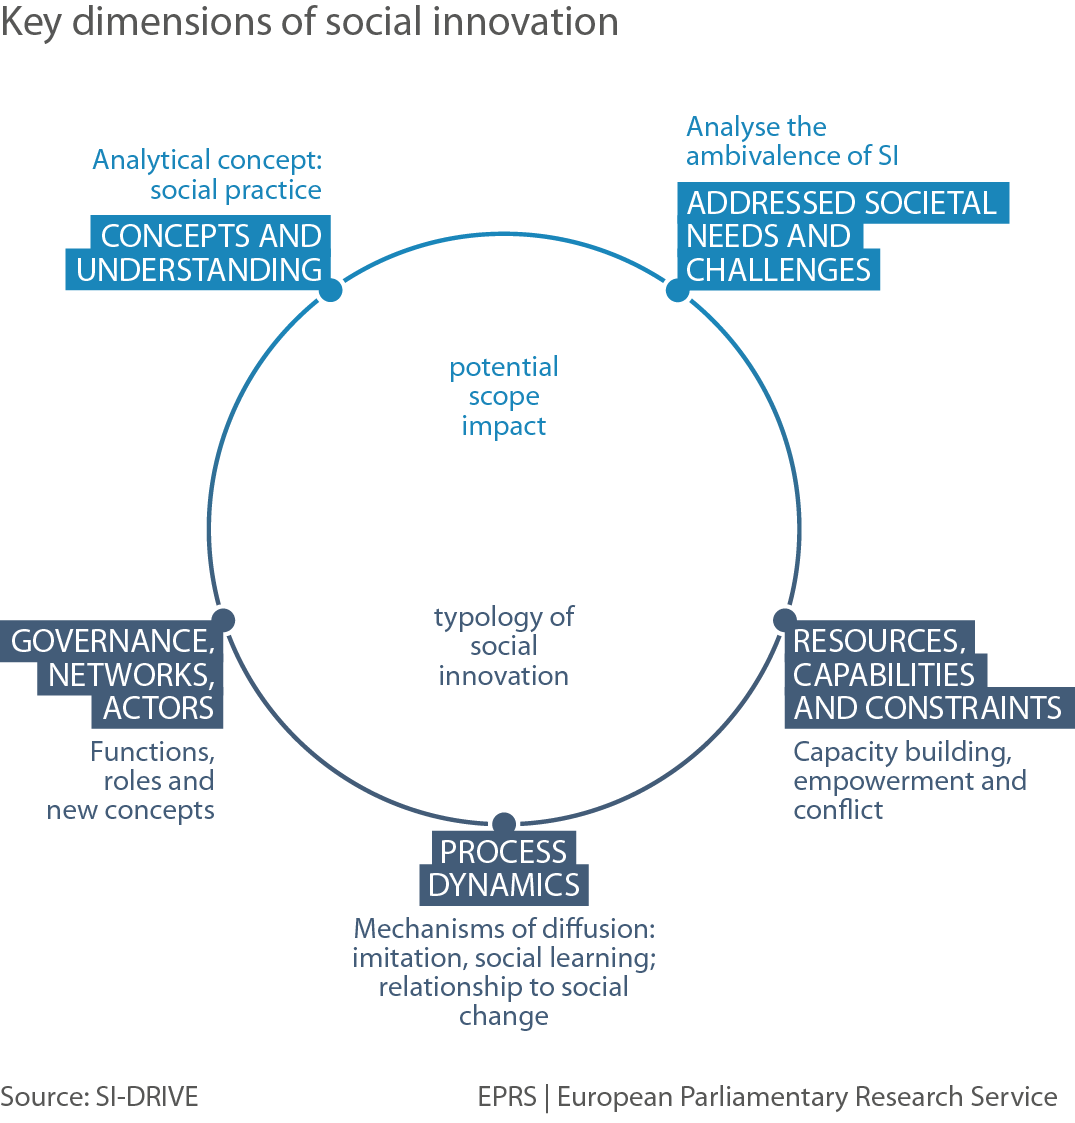 Key dimensions of social innovation
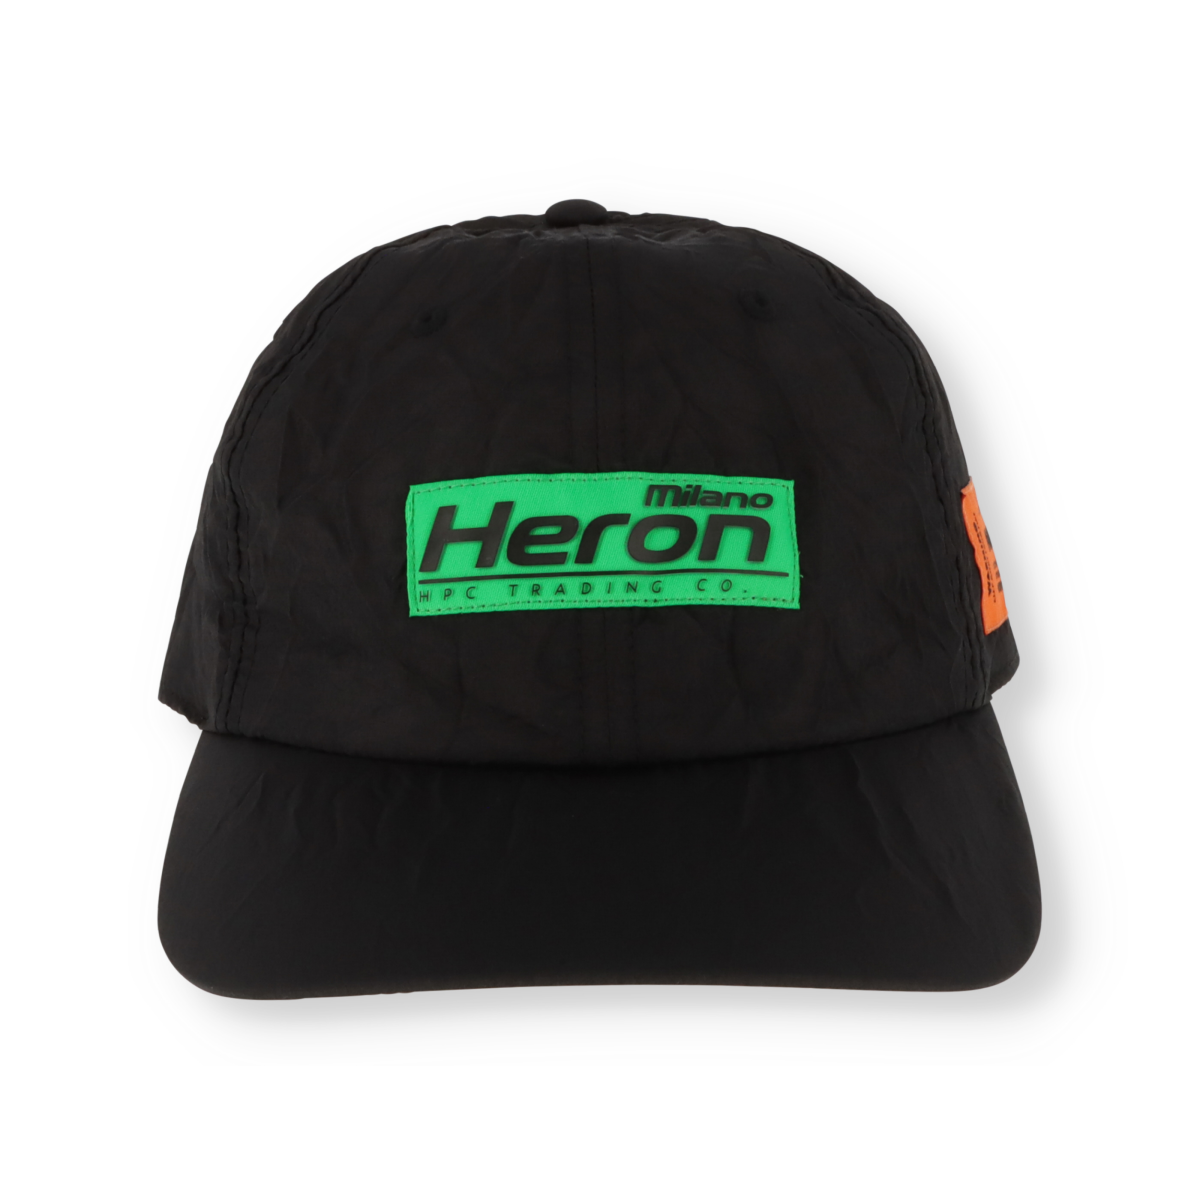 Heron Preston Cap
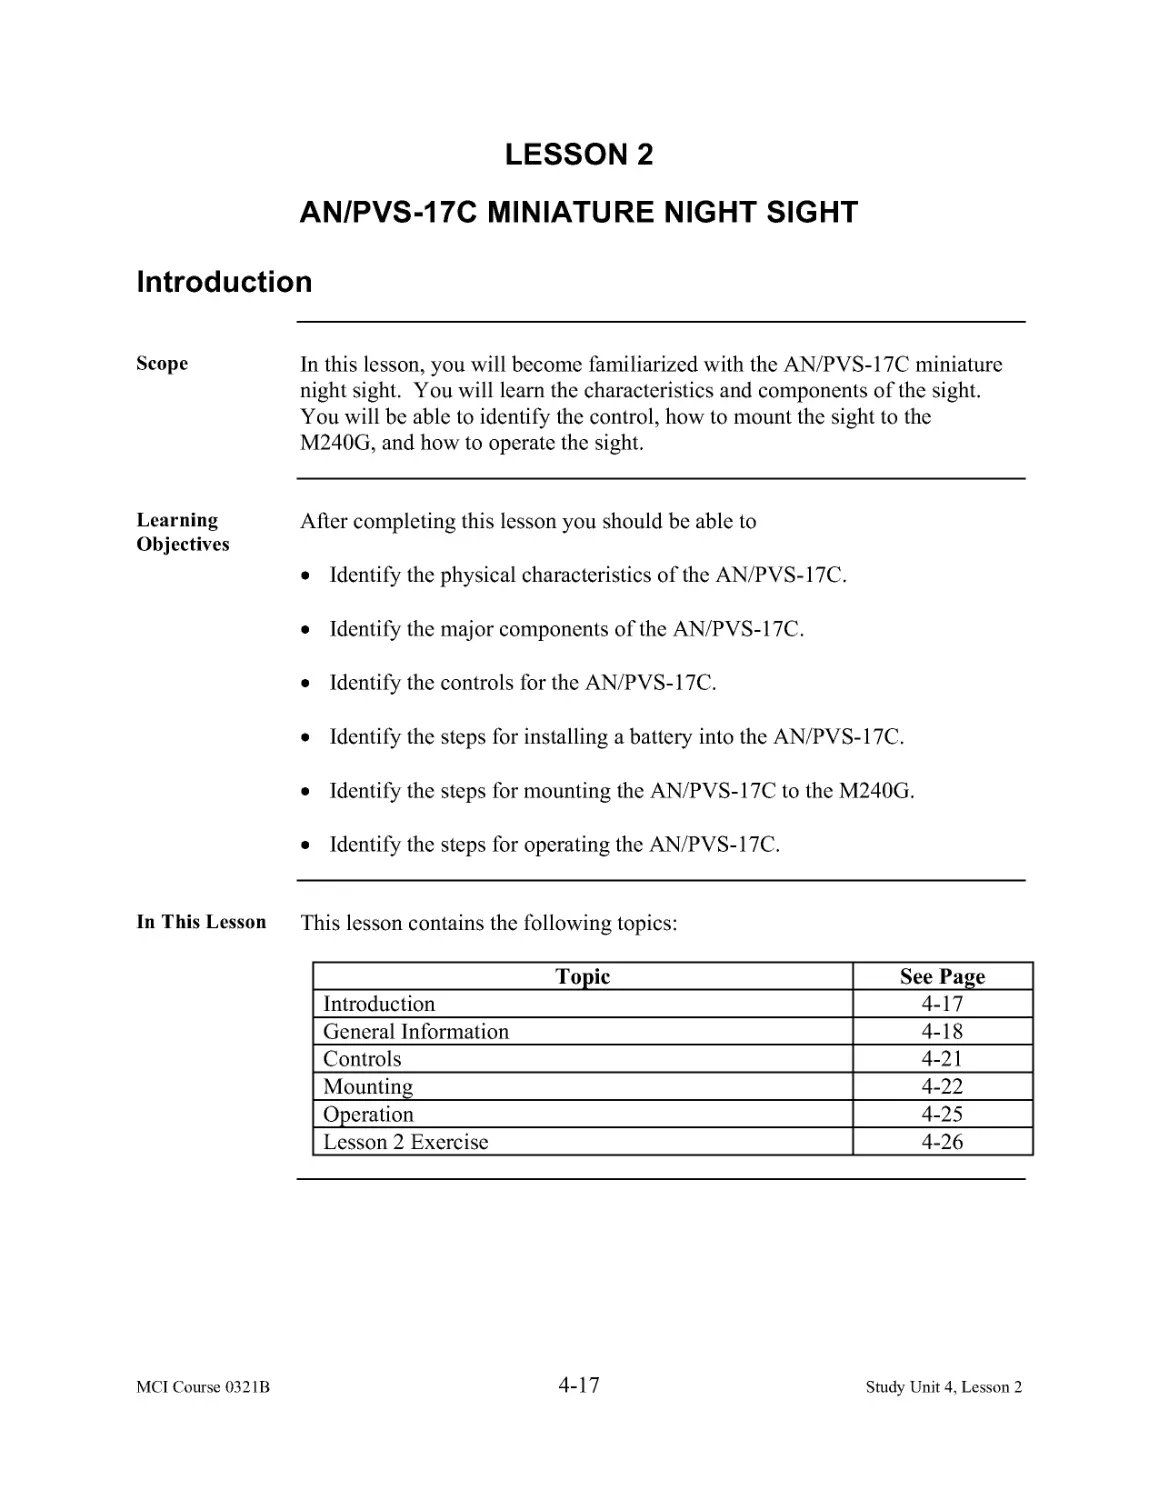 Lesson 2:  AN/PVS-17C Miniature Night Sight

◇ ◇ ◇ ◇

**DESCRIPTION OF THE TASK:** All of the data above should be printed again exactly, though none of the pictures belong in the copy.

**RESPONSE TO THE TASK:**
 Key dimensions of social innovation
 Heron Preston Cap
 Lesson 2:  AN/PVS-17C Miniature Night Sight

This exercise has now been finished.